◆ EXERCISE INSTRUCTIONS: Beginning with the line that contains "BoardGear Marker Board" and ending with the line that contains "T-shirt rétro vintage", reproduce the lines of the entries below exactly, omitting pictures.

◆ MATERIAL FOR THIS TASK:

+---+

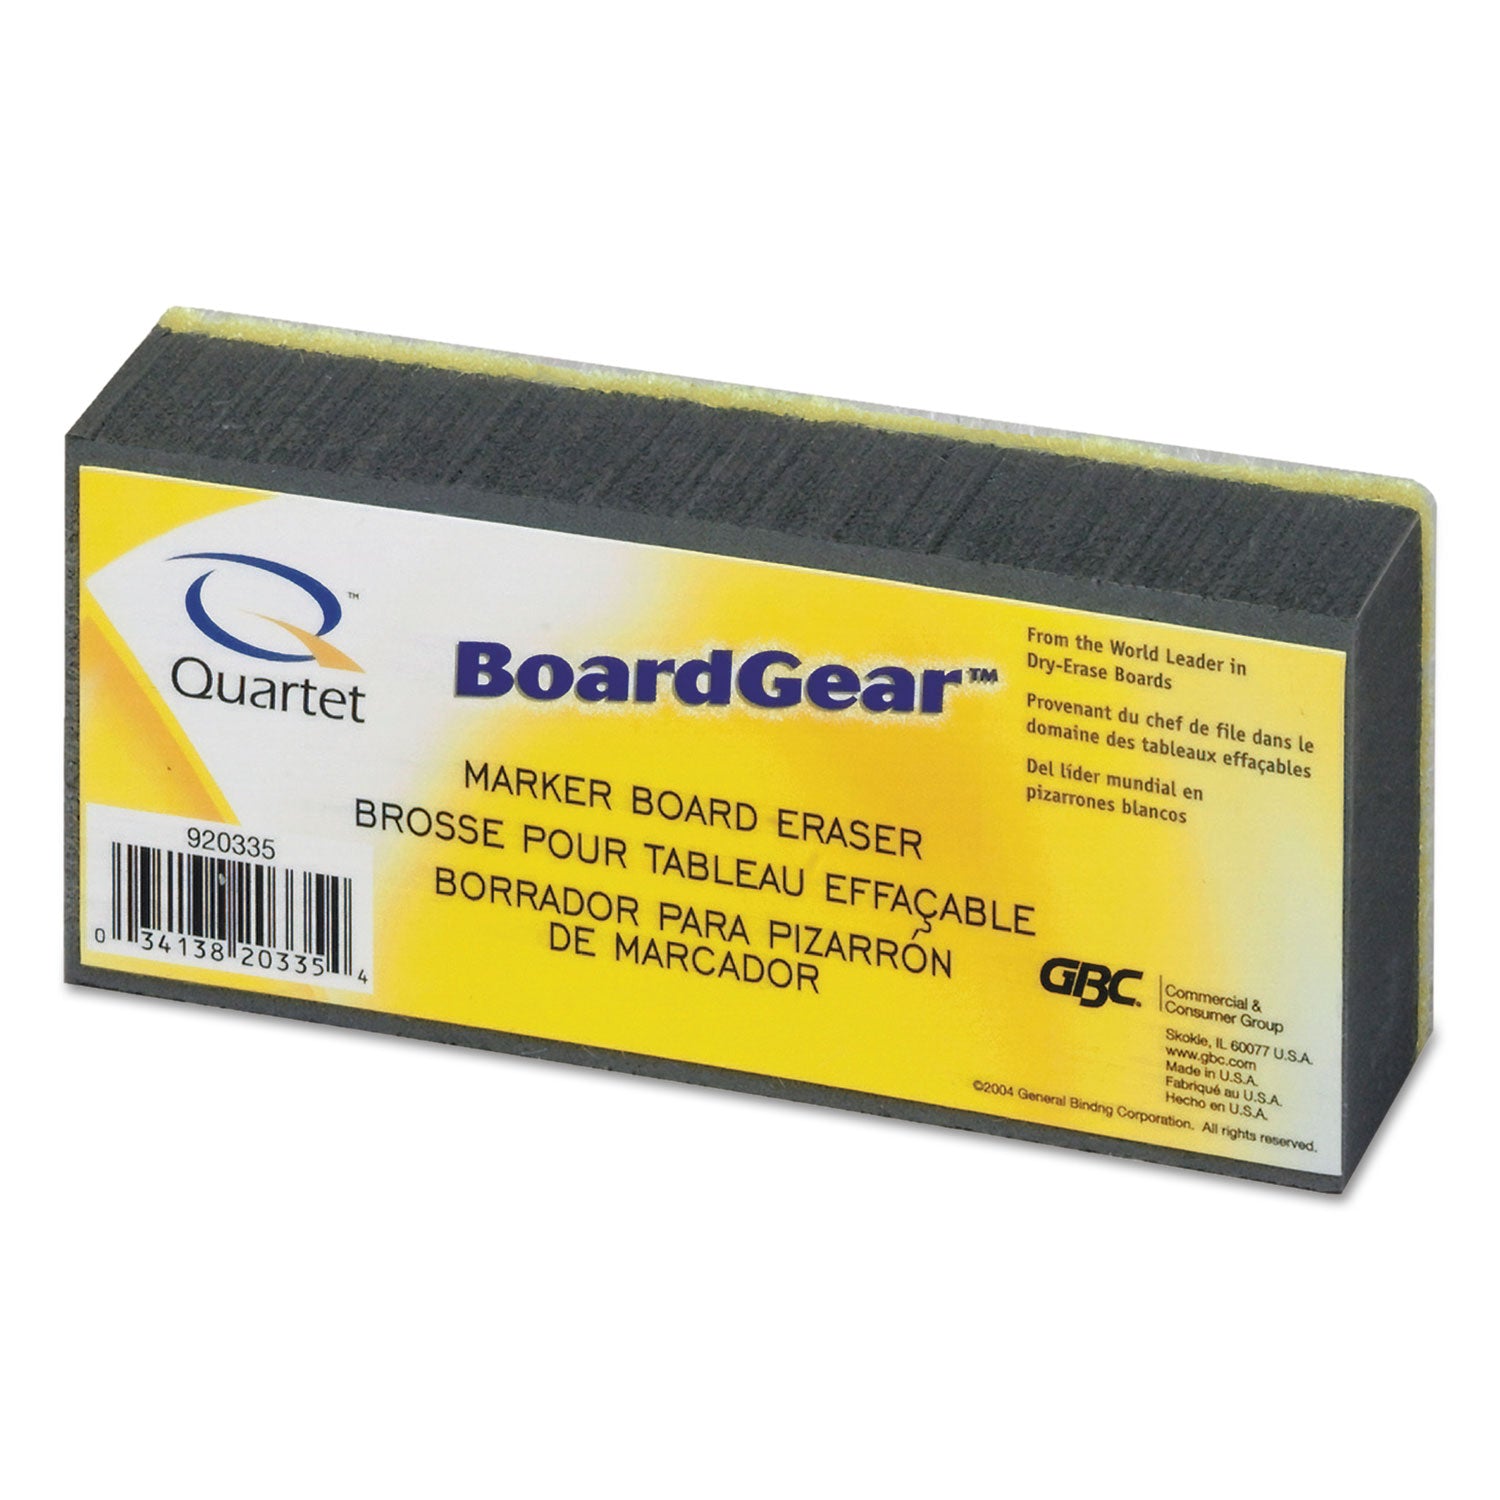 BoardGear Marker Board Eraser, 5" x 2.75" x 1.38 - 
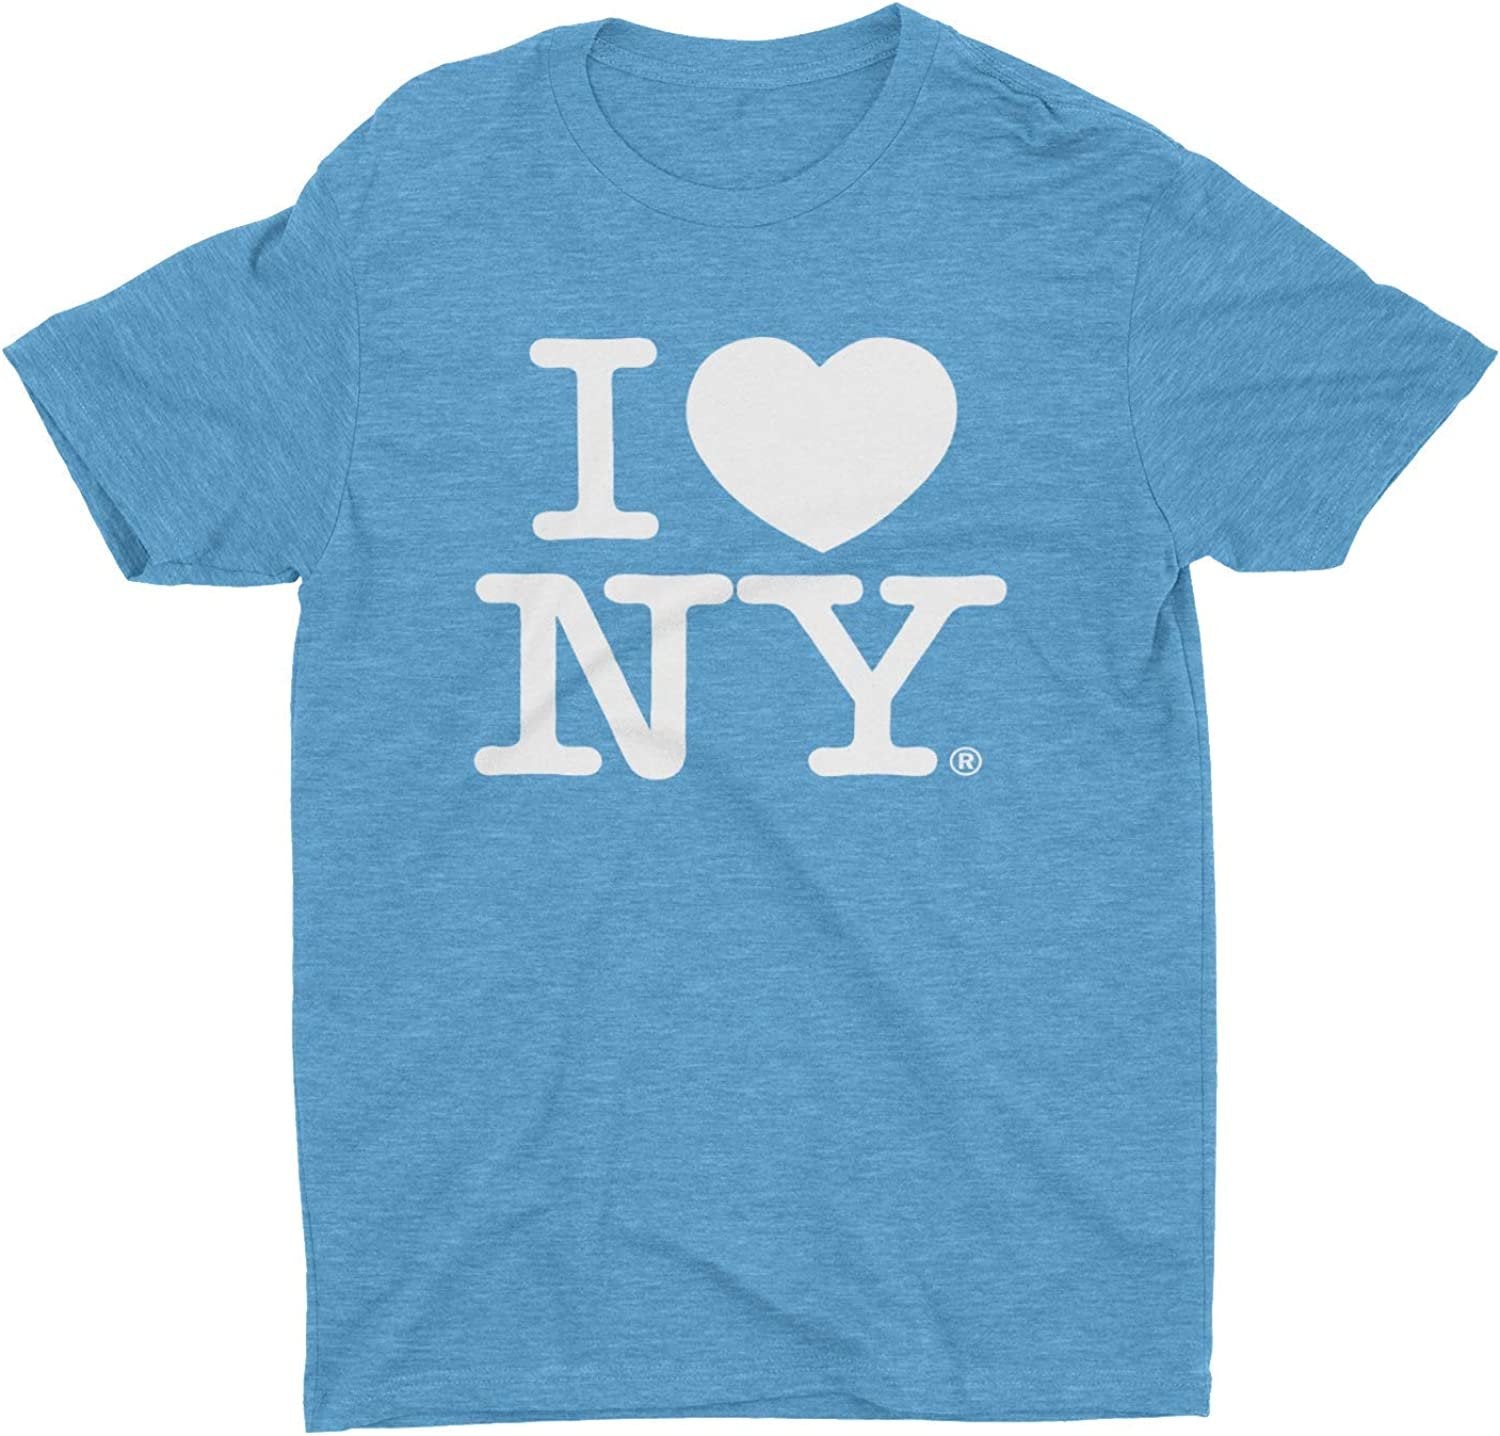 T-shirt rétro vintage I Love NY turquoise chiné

+---+

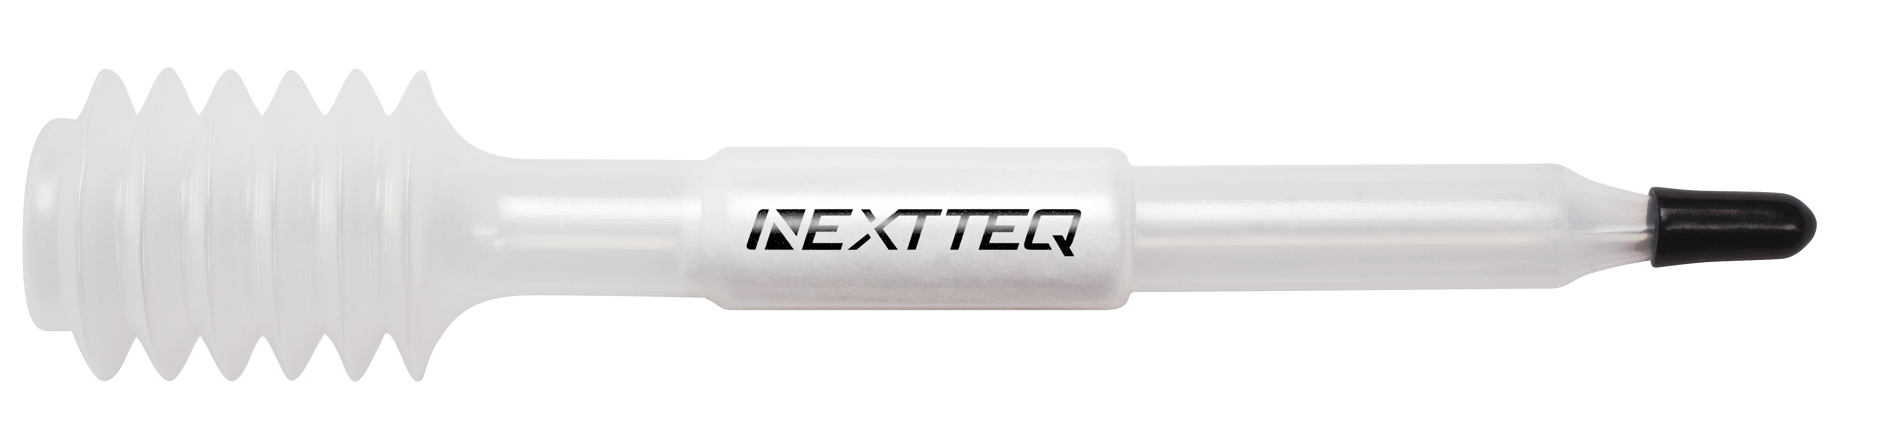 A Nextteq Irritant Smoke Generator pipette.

+---+

◆ SOLUTION TO THE PROBLEM:
 BoardGear Marker Board Eraser, 5" x 2.75" x 1.38 - 
 T-shirt rétro vintage I Love NY turquoise chiné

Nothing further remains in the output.